22日段階の日本株の今期予想PERは17.8倍だった(東証1部全銘柄)。それが23日の下げで16.9倍程度に低下した(鎌倉雄介試算)。そして、今期業績は円安(企業は想定為替レートを1ドル94円前後としているが、ユーロも含め実際はこれよりかなりの円安になろう)により、上ぶれ必至である。よって16.9倍は15倍台に低下するのではないか。そうなると、これは、歴史的にも、かなり低い数字である。日本株は、歴史的に欧米主要国と比べ、ほぼ一貫して最も高PERだった。15倍台なら、欧米各国のなかで通常一番高PERのアメリカといい勝負となろう(最新時点の数字を持ち合わせていないので、お許し願う)。

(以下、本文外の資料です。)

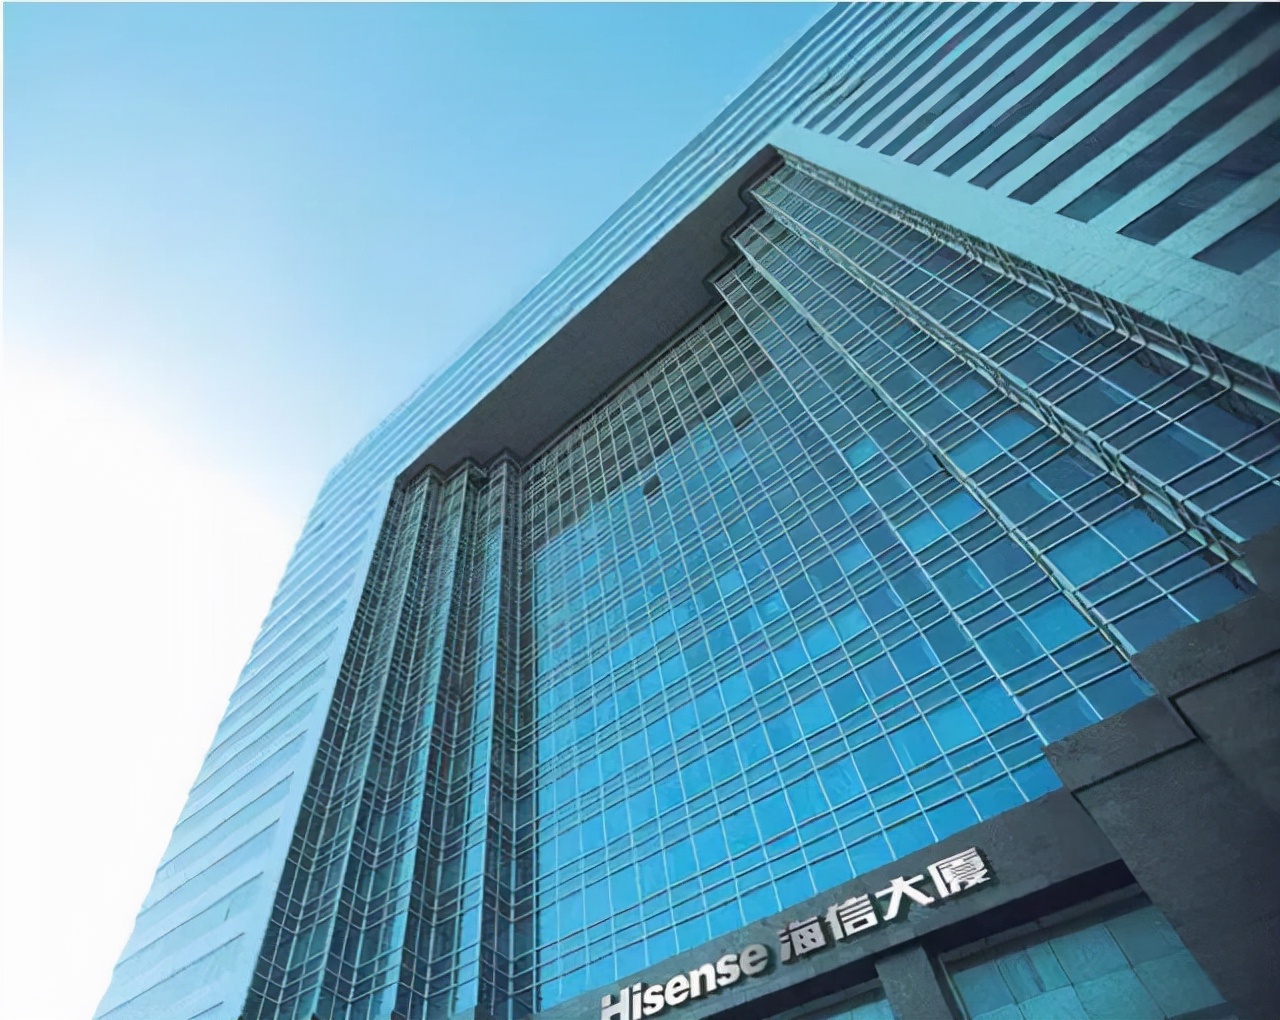 项目名称:长虹科技大厦 项目高度:100米长虹集团总部位于四川省绵阳市

要するに言いたいのは、日本株に割高感はないどころか、むしろ割安といっていいくらいだということである。よって、今後の、相場動向を考えるとき、そう弱気になることはない。TVは1ヵ月くらいは調整かとか、海外も日本株暴落を受けて大きく値下がりとか言っているが、かなりあやしいものがある。
ヨーロッパ各国株の下落率は2%強前後にとどまり、アメリカ株はNYダウでは徐々に下げ幅を縮小、現在は20ドル余(0.14%程度)の小幅な下げにとどまっている(ただし前日のようなこと=起きたら上げていたはずが下げていた=もあるので要確認)。
CME日経平均先物も156円程度高い。主力株と小型株では、一時的に値動きが大きく違うこともよくあるので、軽軽なことは言えないが、基本的に、先行きを悲観するには及ばない。
というより、本音を言えば、私は強気である。ただし、ほとんどの投資家の資金状況は悪化しているので、瞬間的に大きく下げる場面がないとも限らない。慌てず、そういう止むを得ない売りが一巡して、相場がどう動くのかを見極めよう。

5月24日 0時56分記

お詫び=読者のかたから多くのコメントをいただいている。全てに目を通しているが、緊急事態でお返事できないことを、ご了解願う。こういう精神的にきつい局面は株式投資には付き物である。スターリン暴落(1953年)はさすがに知らないが、昭和40年証券不況以来の暴落と付き合ってきた者として、こういう下げは怖るるに足らずと言っておこう。